Brief
Instruction for the listing below: copy exactly, and only, the lines from the one holding "Woodstock Willie wood" through its last line, omitting any picture.

Recorded information
Start of Block

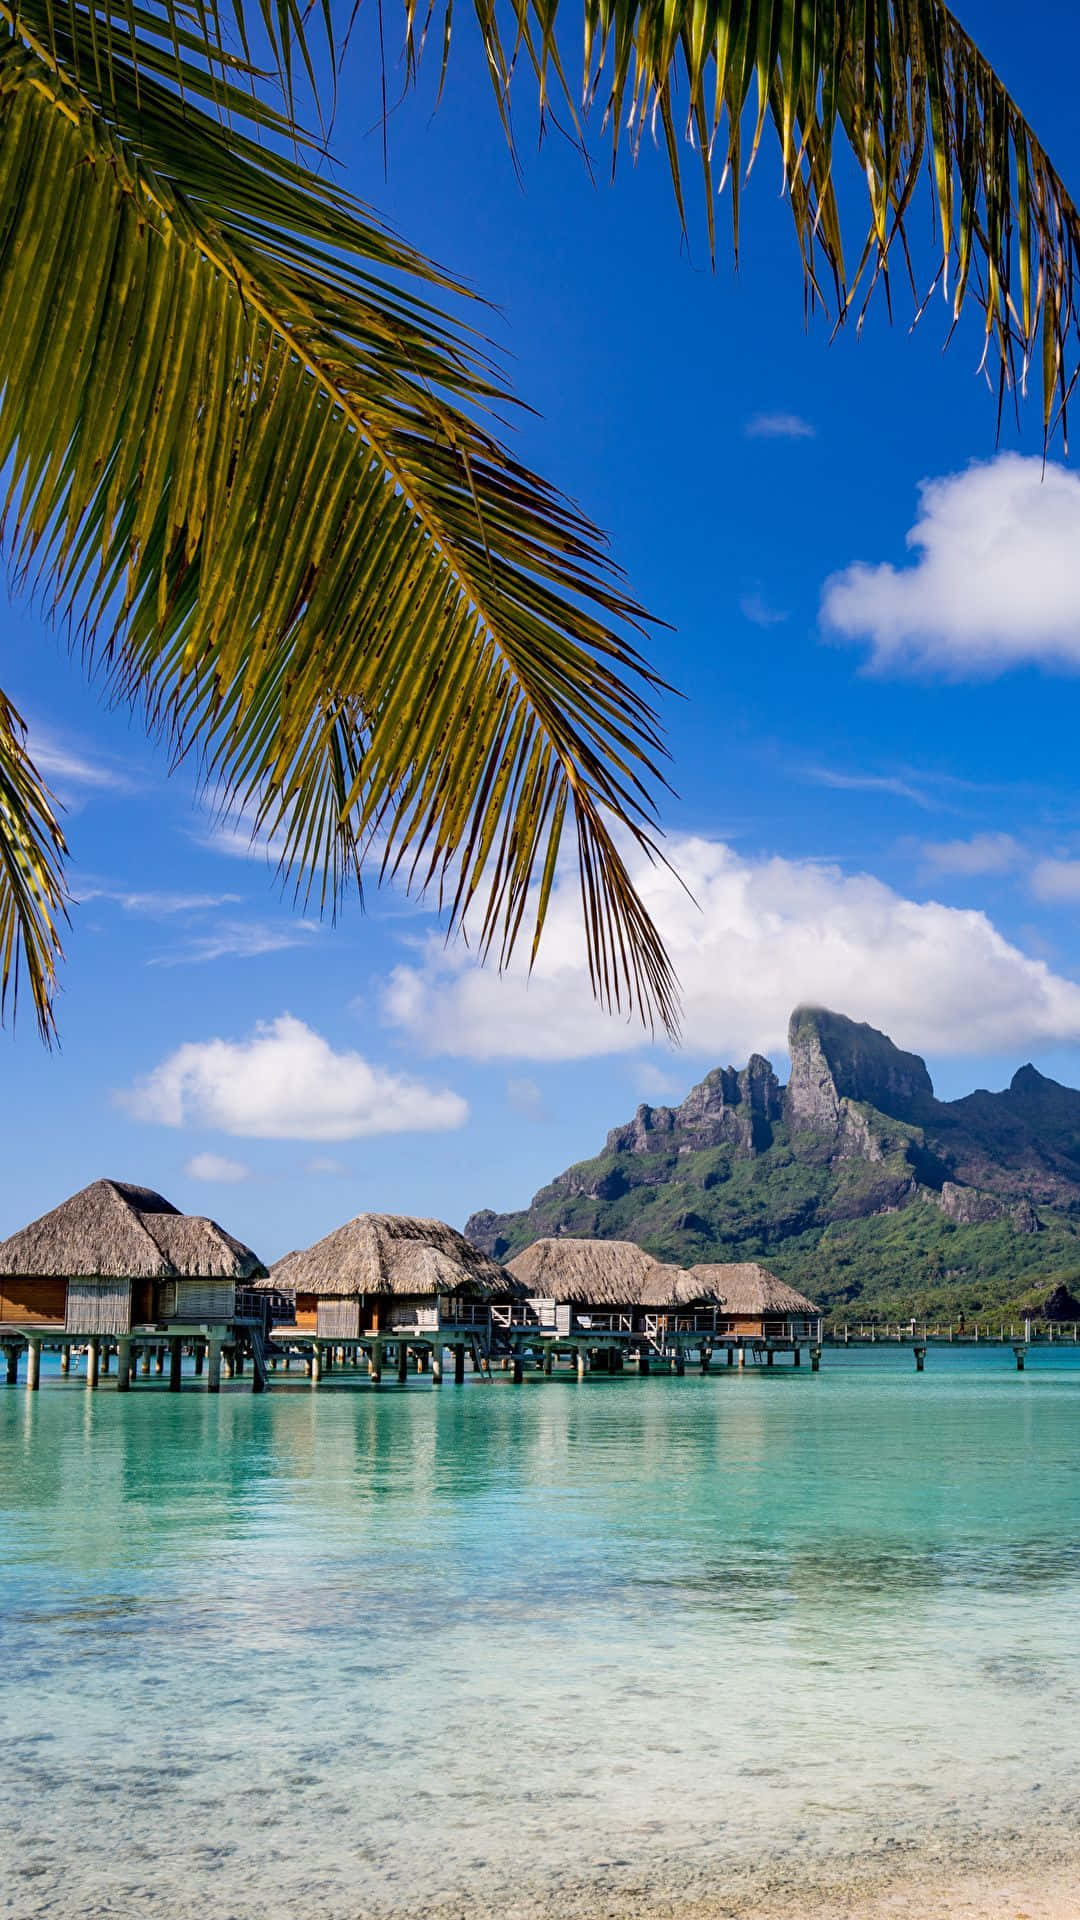 Lounge in luxury on the stunning shores of Bora Bora. Wallpaper
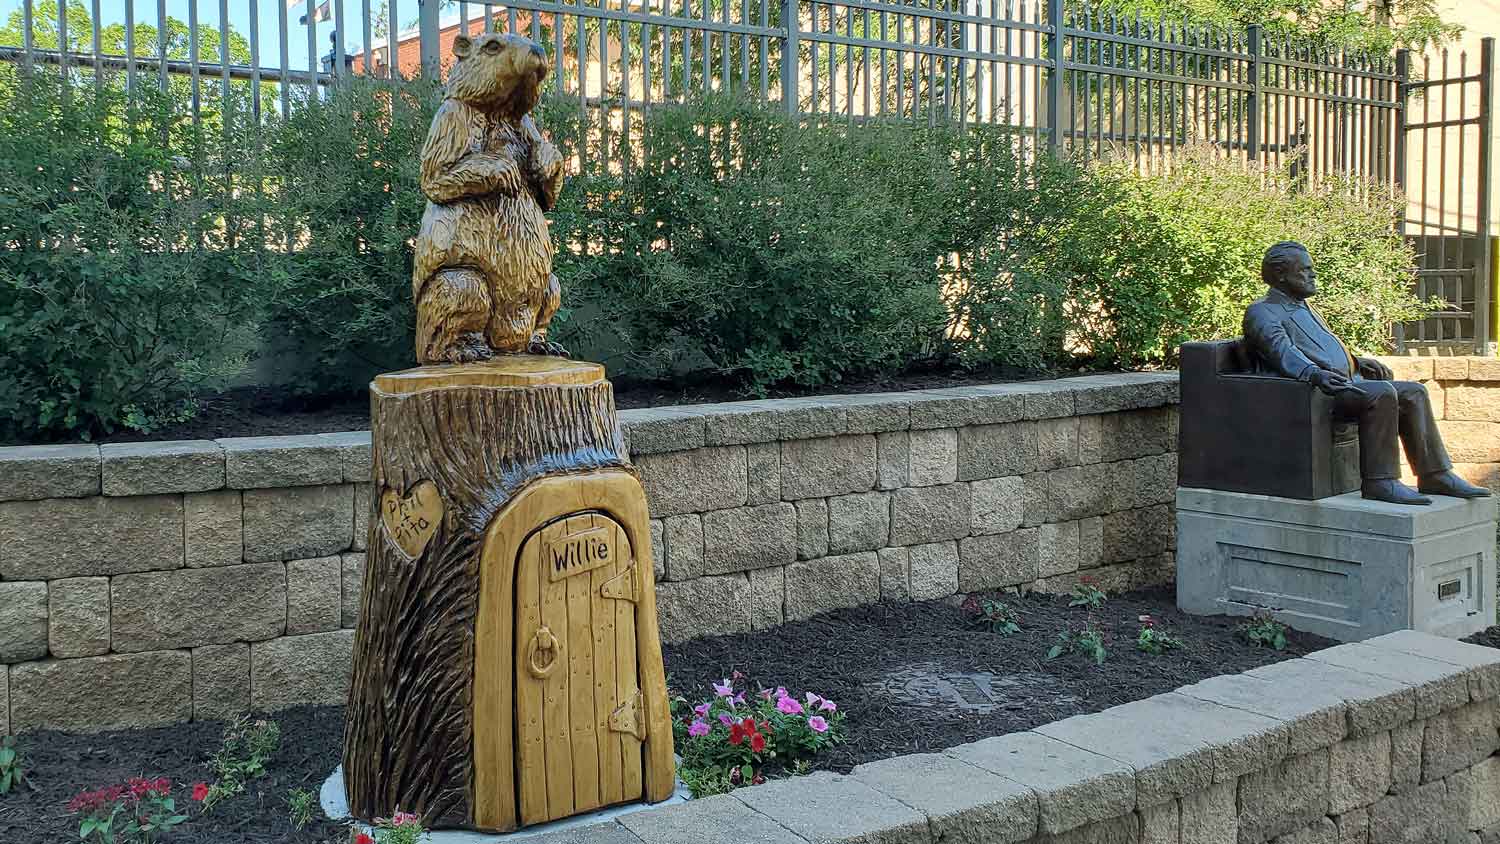 Woodstock Willie wood carving statue in the sculpture garden.
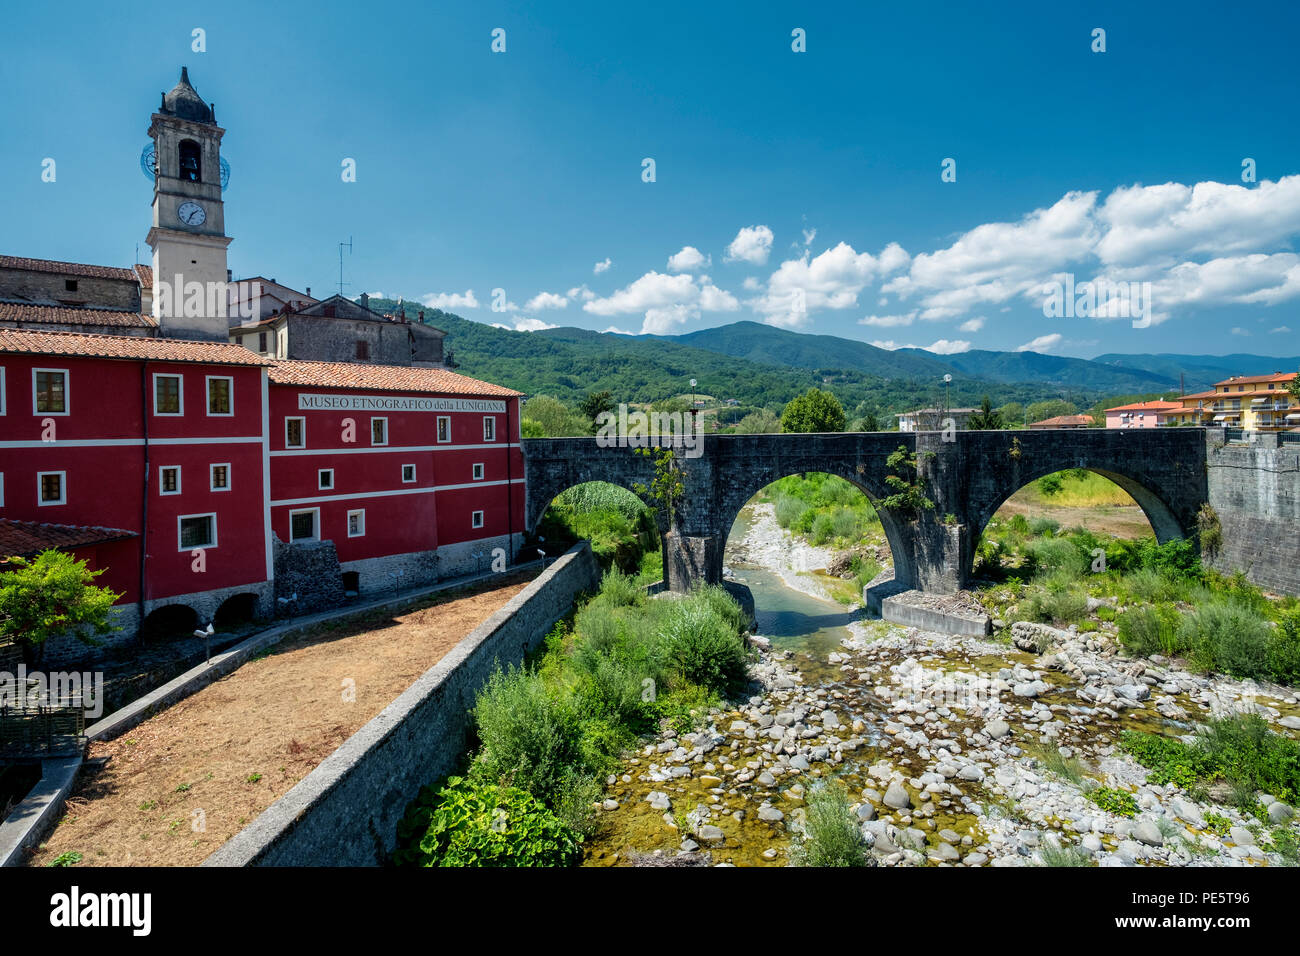 Villafranca in Lunigiana, Massa Carrara, Tuscany, Italy, hisstoric bridge Stock Photo
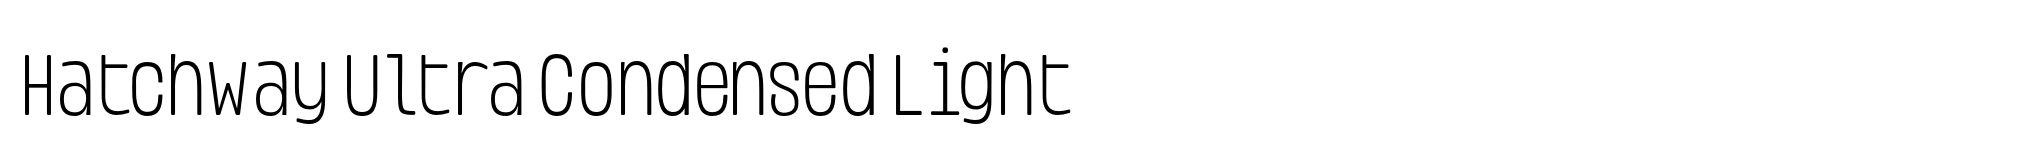 Hatchway Ultra Condensed Light image

End of Block

Your solution
 Woodstock Willie wood carving statue in the sculpture garden.
 Villafranca in Lunigiana, Massa Carrara, Tuscany, Italy, hisstoric bridge Stock Photo
 Hatchway Ultra Condensed Light image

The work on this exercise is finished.